There’s a new spiritual leader in town, and he drives electric cars when he’s not busy playing government efficiency expert between SpaceX launches and Twitter tantrums.
Elon Musk, apparently now self-appointed spiritual successor to Siddhartha Gautama, has reached new heights of ego-inflation that might make even Donald “I alone can fix it” Trump blush. Though to be fair, in this administration, comparing yourself to religious figures seems to be the minimum requirement for Cabinet meetings.

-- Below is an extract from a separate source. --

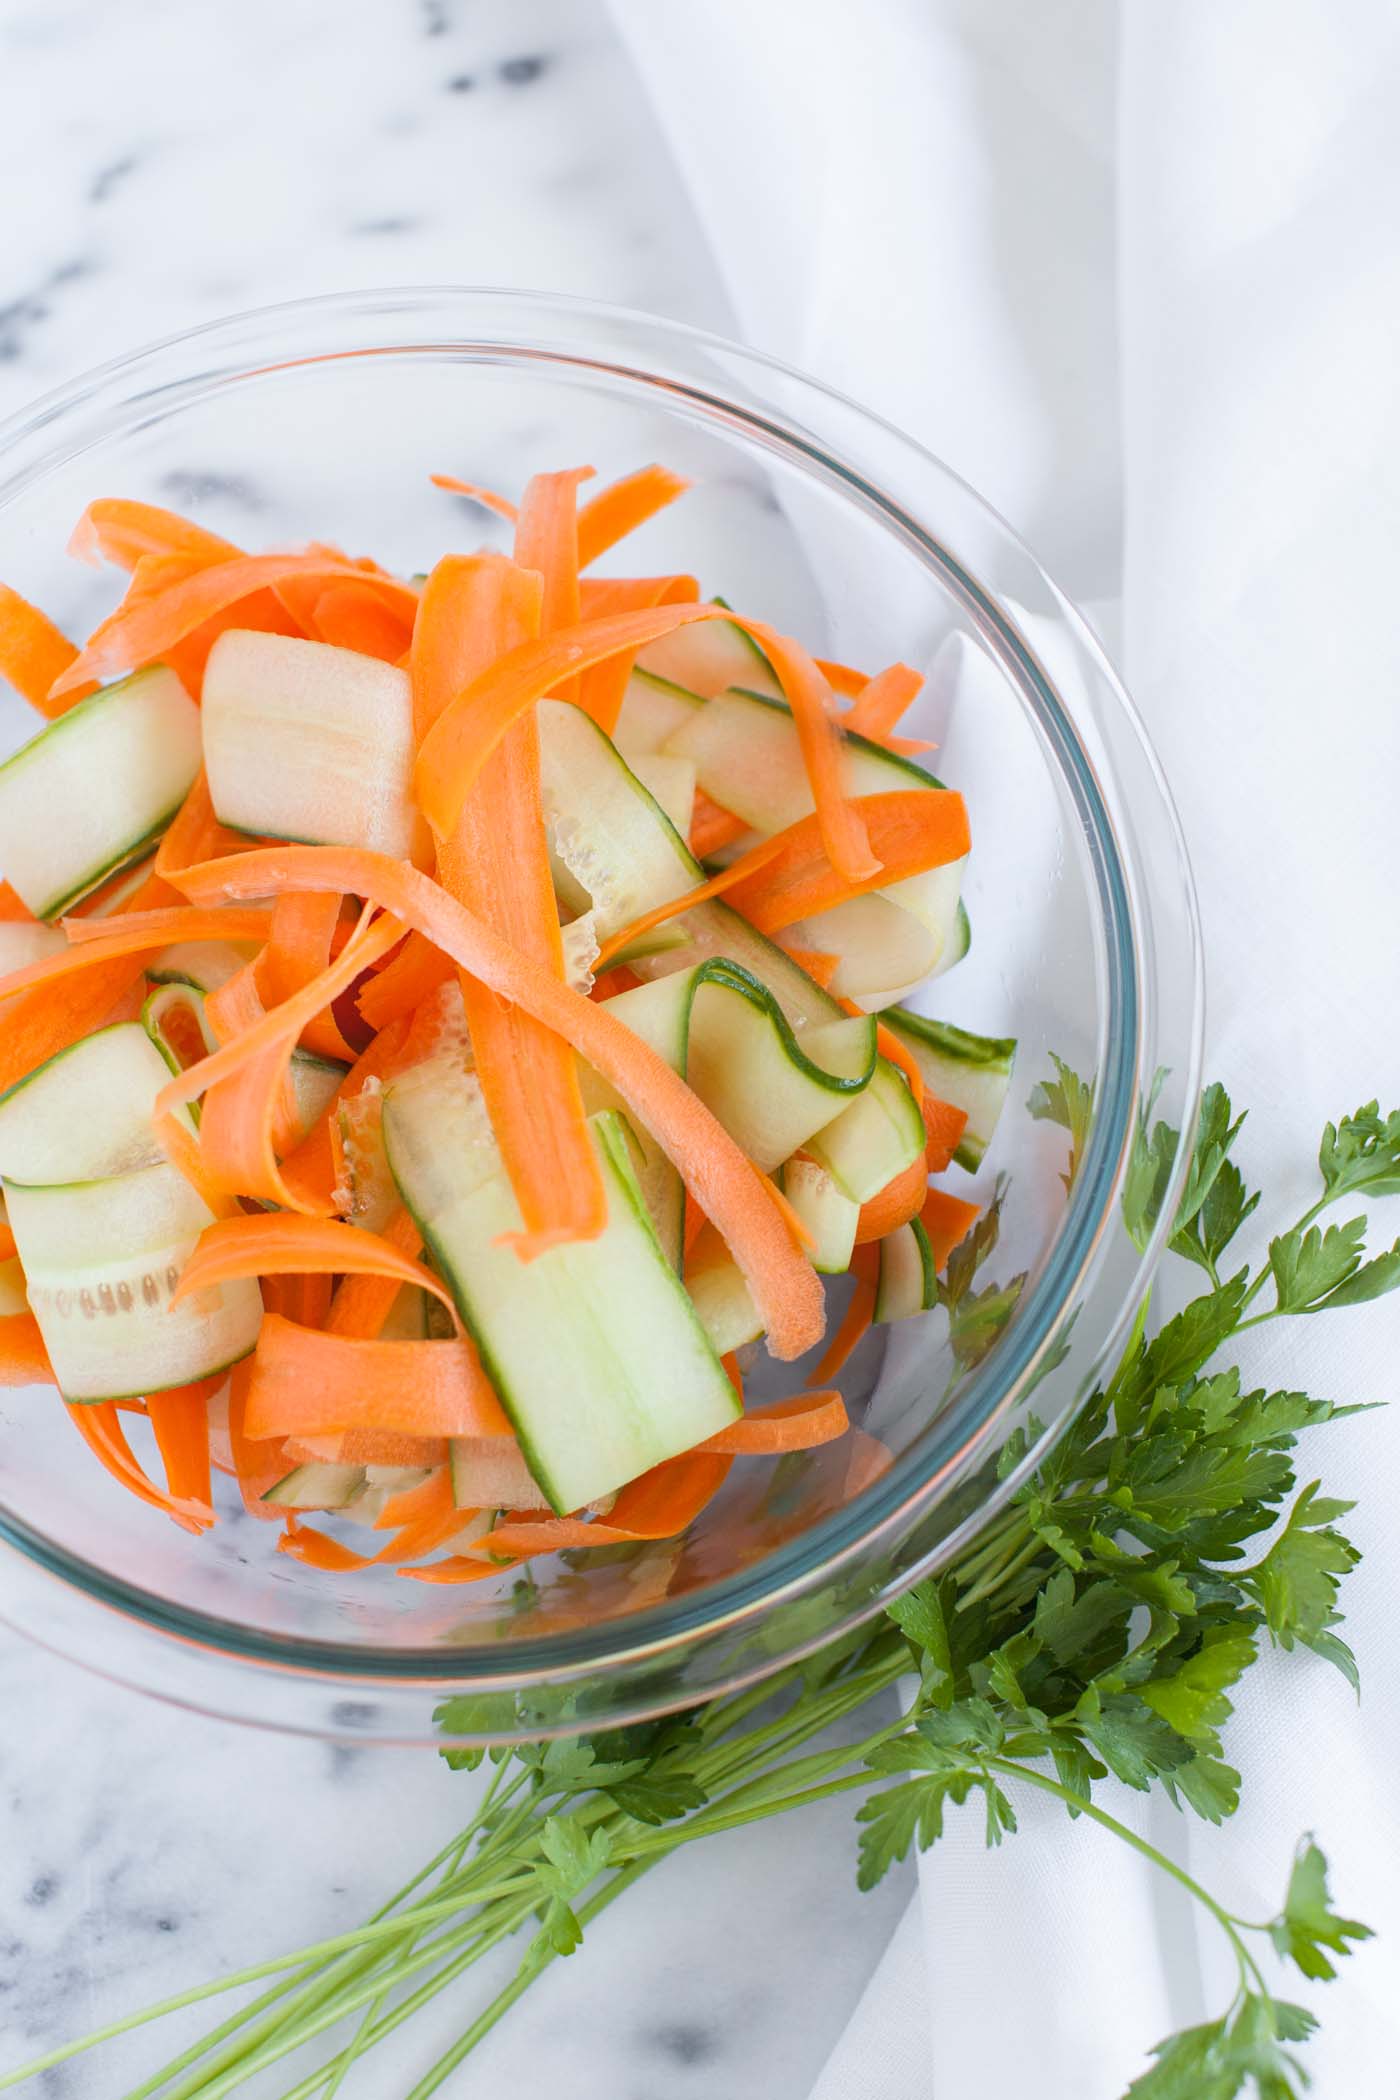 Shredded Carrot & Cucumber Salad

In what can only be described as peak Musk-ery, the DOGE czar gathered mainstream journalists in the West Wing’s Roosevelt Room – you know, the very media he’s spent years attacking as “fake news” – and casually dropped a Buddha comparison when asked who would lead his Department of Government Efficiency after his departure. “Is Buddha needed for Buddhism?” he mused philosophically. “Was it not stronger after he passed away?”

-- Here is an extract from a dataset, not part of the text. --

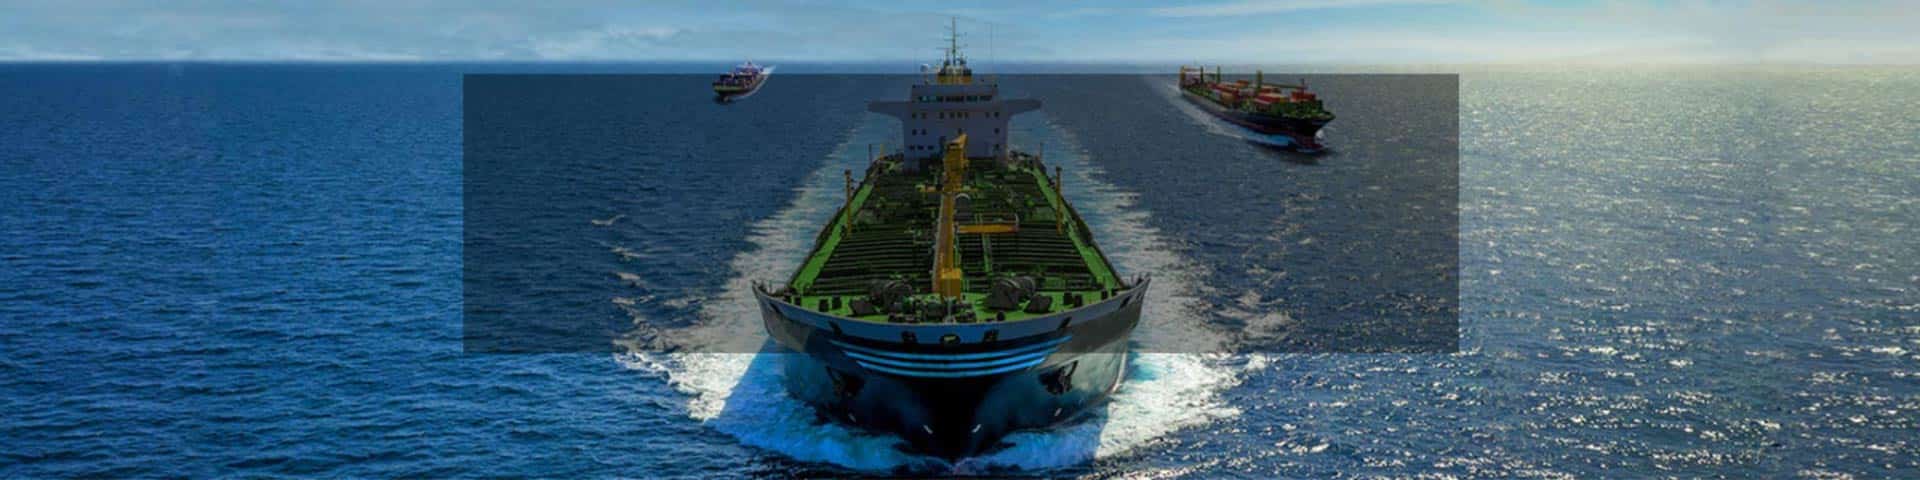 equipements-carburant-marin-methanol-flotte-marchande-FR-hero

Just hours before the meeting, the Wall Street Journal published a story alleging that Tesla’s board was looking to replace Musk as CEO. The claims were denied, of course, but the mere fact that they surfaced is telling. Musk, who prides himself on being untouchable, suddenly seemed eager to control the narrative. So, he marched into the White House with three of his top DOGE aides in tow.
Musk, usually combative with the press, was oddly subdued and even, dare I say, humbled. Well, as humbled as someone can be when they’re comparing themselves to Buddha. Over the course of an hour, Musk admitted that DOGE had fallen short of its ambitious $1 trillion spending cut goals, managing only $160 billion so far. What’s more, Musk confessed that in the rush to slash spending, some “vital employees” were “accidentally let go.” Accidentally? That’s not exactly a ringing endorsement of DOGE’s efficiency.
Of course, it wouldn’t be an Musk story without some bizarre anecdotes thrown in for good measure. Musk revealed to reporters that he had stayed in the Lincoln Bedroom “more than once” and once ate an entire tub of Häagen-Dazs caramel ice cream while there. “It was epic,” he reportedly said. “I gained three pounds in one night.” For all his intelligence and achievements, he seems incapable of recognizing how ridiculous he sounds when he makes statements like this.
Over the years, Musk has cultivated a fanbase that treats him less like a flawed human being and more like a messianic figure. Whether he’s launching rockets, tweeting memes, or slashing government budgets, his followers cheer him on as if he can do no wrong. But the cracks in the façade are starting to show.